Before I read results, it seems structure will be straightorward to see if distinct between the two for the same animals. The diversity is what is harder to struggle with – what mechanisms lead to distinct levels or patterns of diversity? – in any case they assume the male mitotype originated prior to the TMRCA, I don’t know how typical the ‘reset’ in DUI has happened in Tellinids, seems more variable in Mytilids.
Results:
Far more haplotypes in coxlm-long than coxlf, but *it is longer* – here they should compare cox1m; by the same measure there can be more divergence among haplotypes as the sequence is 200nt longer. However it is still more haplotypes for cox1m (the shorter version), so it is robust but that distinction has to be considered.
Line 290 divergence rates substituions per site (s/s) not standard notation, again I think the clock evidence should be presented earlier – does seem more divergence about 2 fold in cox1m but again my concerns above. The actual rate is not known because the time of divergence is not known with certainty but the 2 fold ratio I can buy.
Super intriguing to get distinct patterns between the two sex-associated mitogenomes…also interesting to see some combinations rare or absent, perhaps genomic conflict; and those odd haplotype combinations were in the hybrid zone sampling sites – cool!
Huh but π is greater in the F (lines 334-342), and D is more strongly negative in M than F. I would agree from Table 1 it is a consistent trend to more negative D values, so more rare alleles, thus the higher number of haplotypes seen above.
Lines 363-372. Rem we know strong purifying selection, but ancient divergence you get many fixed nonsyn mutations between M and F
I still really don’t get the Ne approaches, relative µ seems higher in M but I think estimated problematically and that could influence this. The higher number of singletons/rare alleles will of course suggest “exponential increase” but could also be stronger constraints on M.
Discussion
As noted in lines 406-409, the Male-type mtDNA diverges more rapidly and is far more polymorphic, “with more haplotypes, more haplotypes represented by a single male, and more segregating sites” – exactly, more singletons and rare mutations, which is what Tajima’s D has picked up.

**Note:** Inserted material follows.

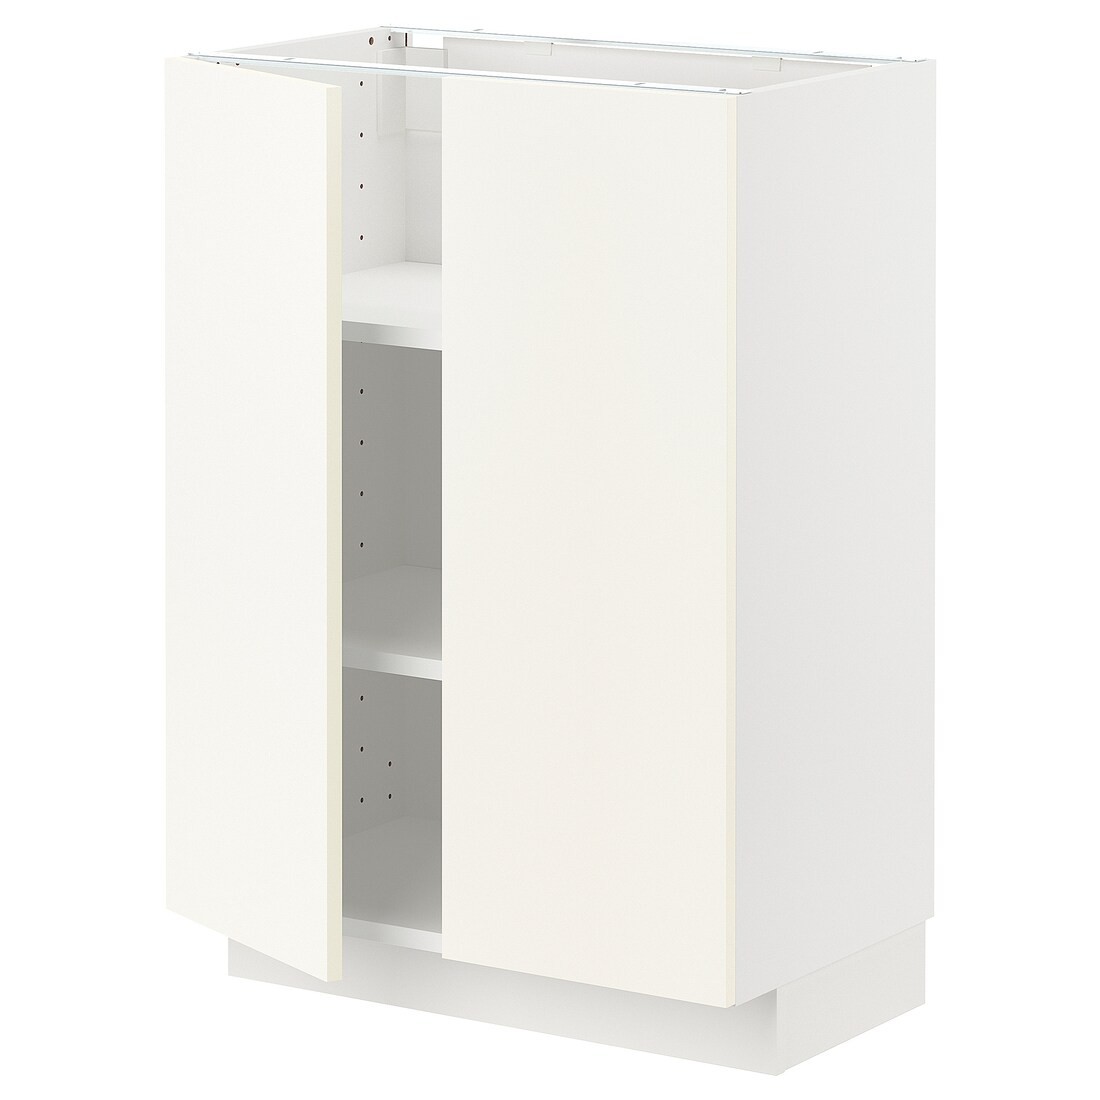 IKEA METOD МЕТОД Напол шкаф с полками / 2 двери, белый / Vallstena белый 39507135 395.071.35
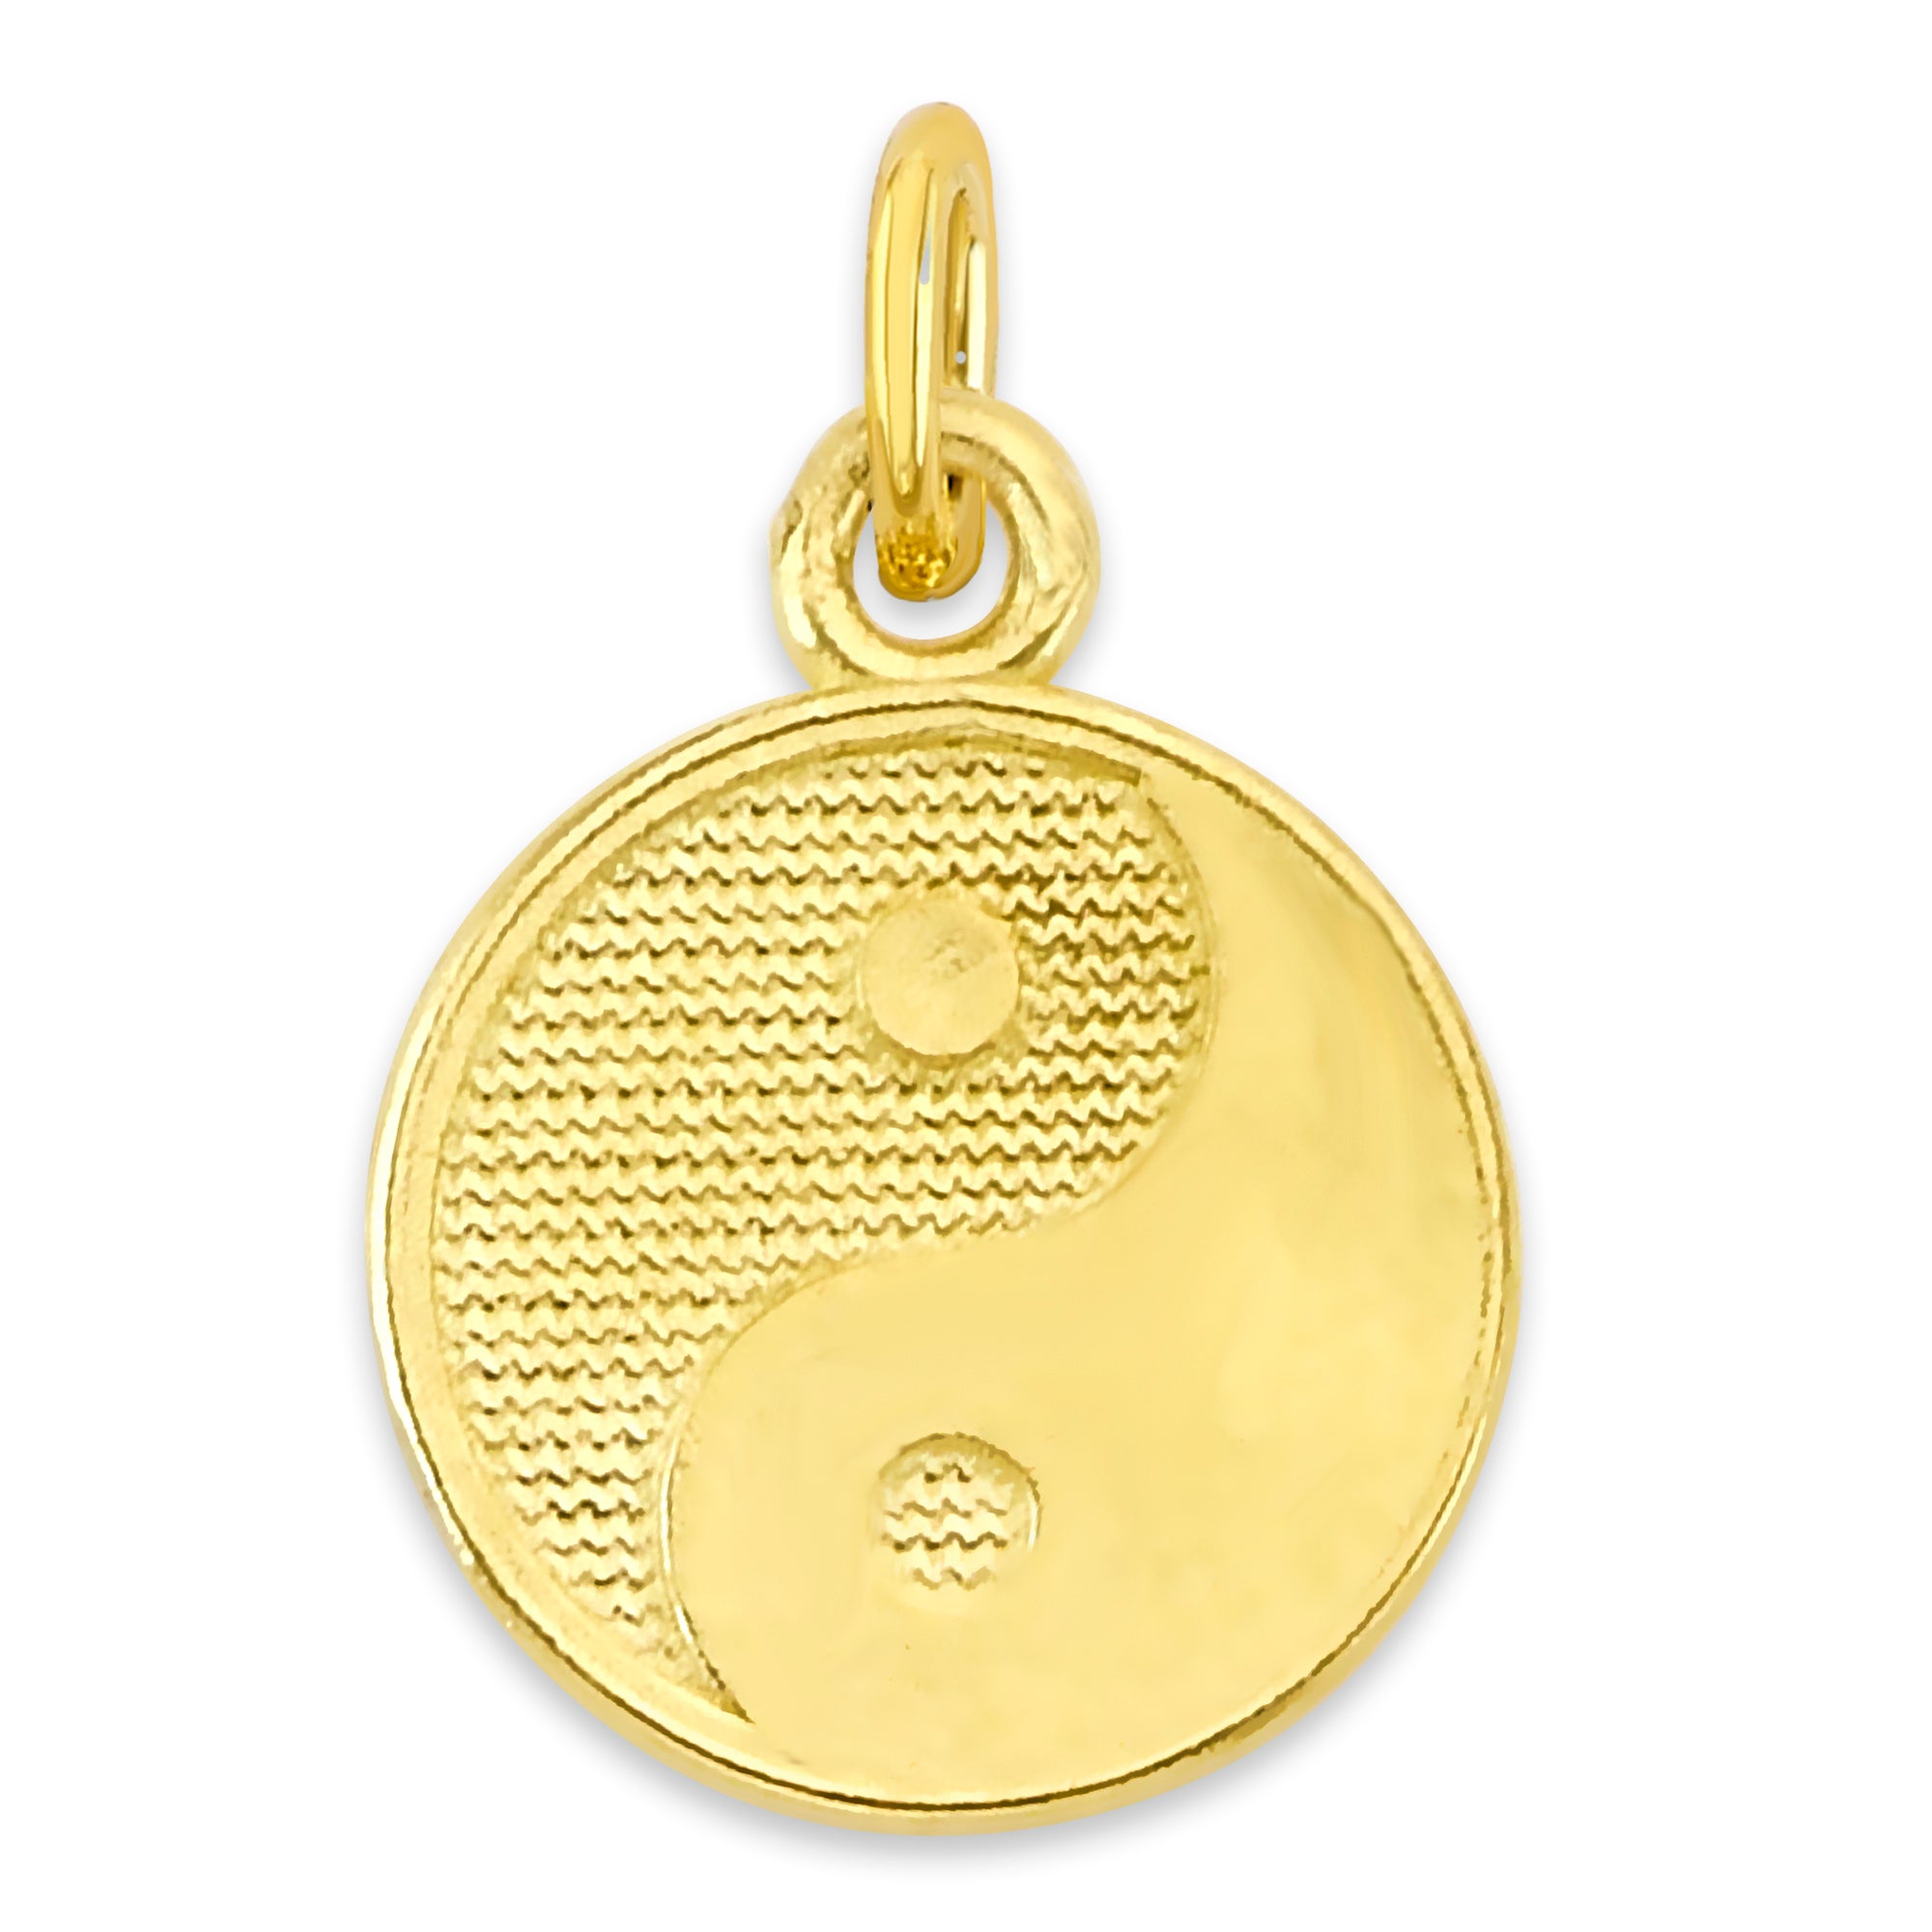 Solid Gold Yin Yang Charm - 10k or 14k

Perhaps the higher mutation rate (still under the significant constraints of COI, eg. See work by Dave Rand).
Overall because I think there are concerns both about the estimation of µ and that estimators of Ne will falter when there is evolution strongly affected by non-neutral processes, I don’t put much weight behind the estimators of Ne. The sex-specific spatial breaks are the most robust part of this paper, with pairwise Fst often being larger because of the greater number of private alleles I suspect.
Overall, I really like the paper and think with some consideration of these issues it would be a great contribution both to the marine spatial pop gen literature as well as the really fascinating DUI literature.